That's what I was thinking, if nothing else it can go in as bedding (heck it's cheaper then straw), or to mulch the garden.


----------



## HoosierShadow (Apr 20, 2010)

I always try to find some horse quality hay, here in KY it can be really expensive at times since there is such a demand for it from all the horse farms <horse capitol of the world!>. 
We can't buy alfalfa mix because they want to pick the alfalfa and leave the rest, so we've just been buying clover hay. There is a farmer a couple of miles up the road that has been selling me some, and will be baling next month, and we plan to hopefully buy some out of the field.


----------



## naturalgoats (Jan 3, 2011)

hay is mostly 3 doallrs (well maybe four) in my area... definitely go check it out... make sure it smells sweet and is dry all through the bale... buy one and cut it open in your truck and then buy more or less depending on that.....Have fun!
M.


----------



## dobe627 (Oct 16, 2007)

1 thing to keep in mind buying out of field is to make sure its very dry, or else don't put in barn to tightly. When we bale we let it on trailor not in barn if possible. I always worry, if its not dry can catch fire. My stepdad had that happenin his milking barn about 25 years ago. Just worries me. But that's just. Me


----------



## Di (Jan 29, 2008)

My animals are soooo picky! But, we ran out of alfalfa and my supplier was also out...darn. So, I had to rush and get whatever was left. Turned out to be a nice brome, they didn't want to eat it...but DH was right...if I will give them alfalfa then that's all they want...give them grass hay and eventually they will eat it. lol. Ran out of that and had to get a BIG bale of timothy. It's a little coarse...but...they are eating that now. 

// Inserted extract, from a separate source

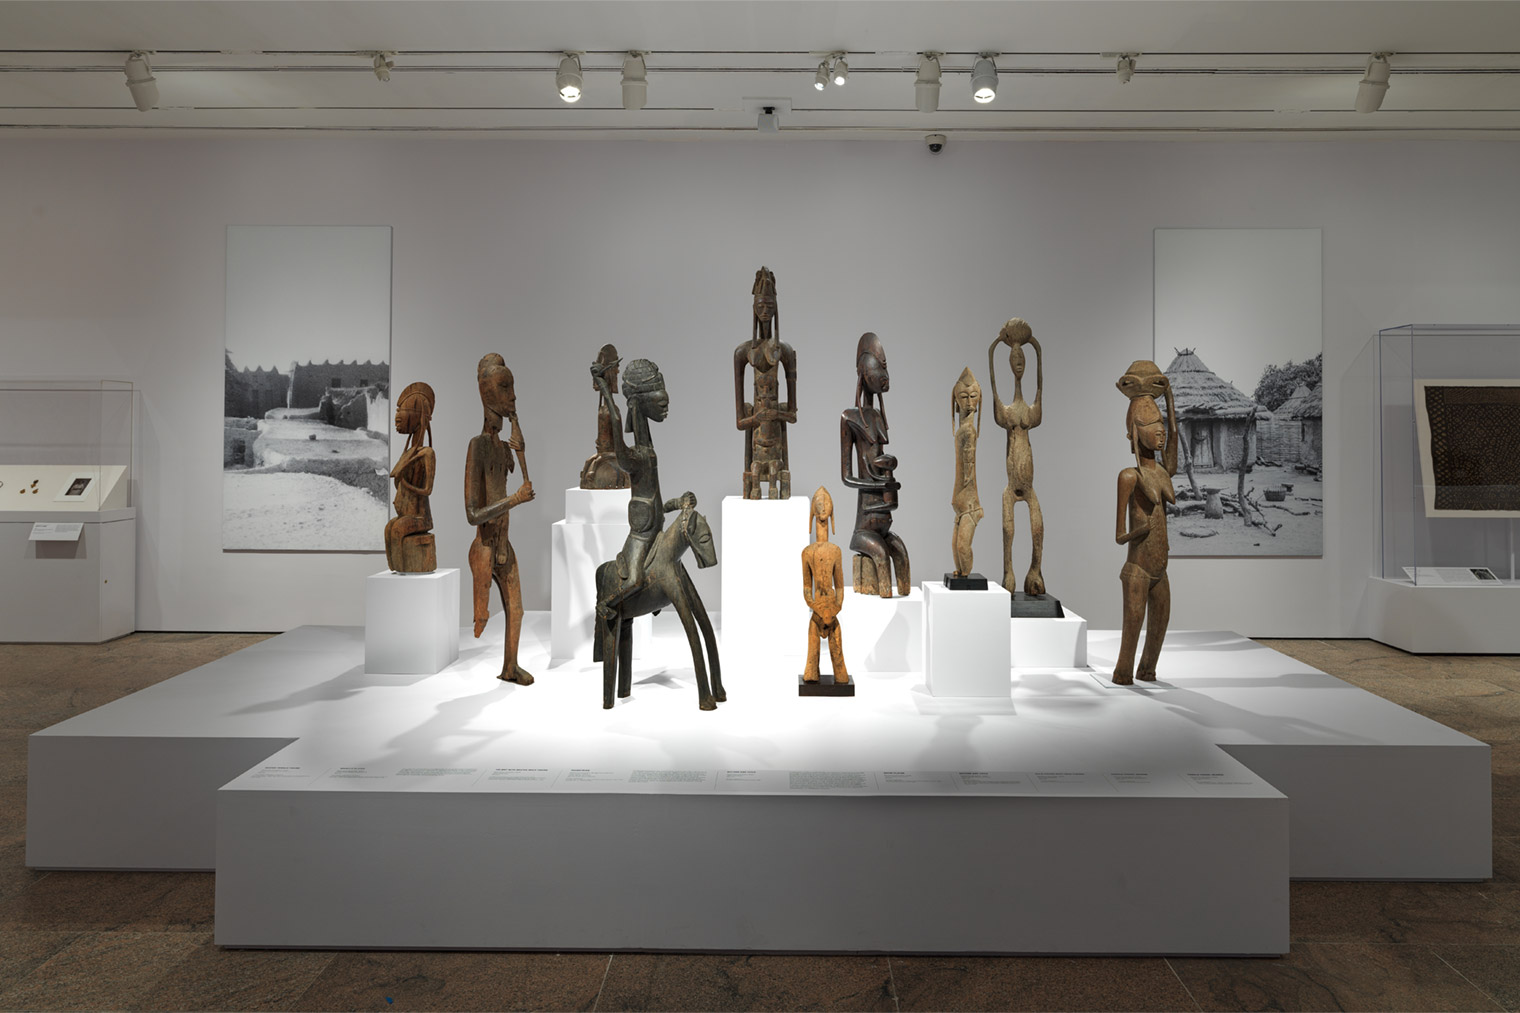 A gallery displaying a number of terracotta and wooden sculptures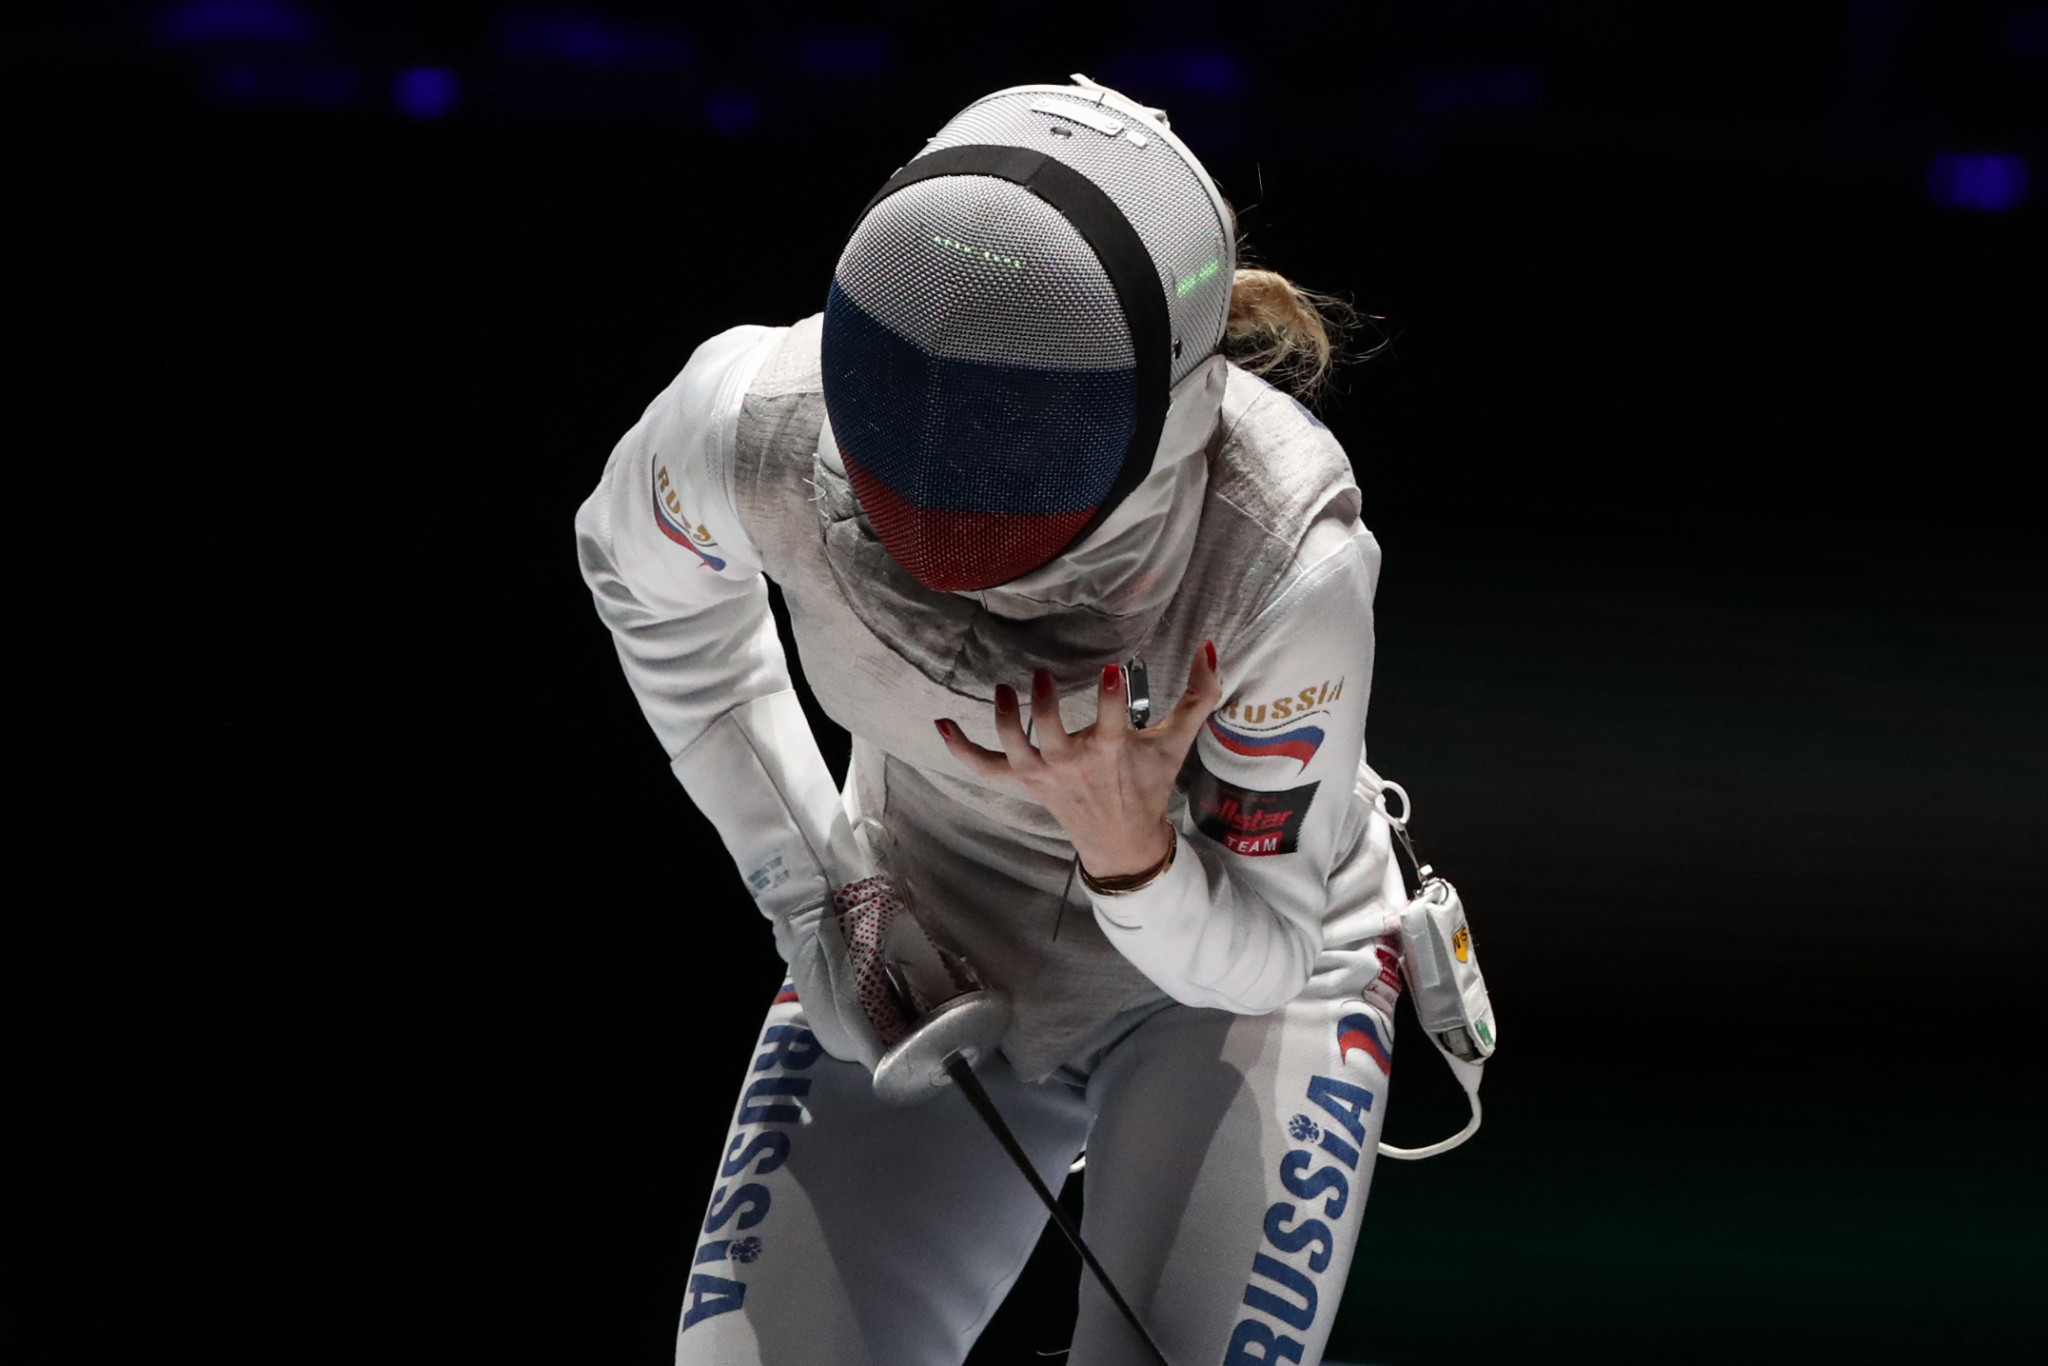 Inna Deriglazova is the favourite to triumph at the FIE Women's Foil World Cup in Saint-Maur ©Getty Images

I did add some alfalfa pellets to their grain mix. And, I feed a little more grain with the grass hay. But, they are eating the pasture grass now. So, hopefully, I can stop obsessing now about hay. For a couple of months anyway.

I only feed "horse quality" hay, if it says for cows or goats it's usually moldy. They call it "sweat" here, but were I come from it's mold.


----------



## ksalvagno (Oct 6, 2009)

No matter what quality people claim to have, you need to thoroughly inspect it. What some people call "horse quality" hay around here, I wouldn't feed to cows. I just make sure my hay is 2nd or 3rd cutting and inspect for wetness and mold. Luckily I have a hay guy who is great and I can count on him bringing me very high quality hay without going over to his place and inspecting it before he delivers it.


----------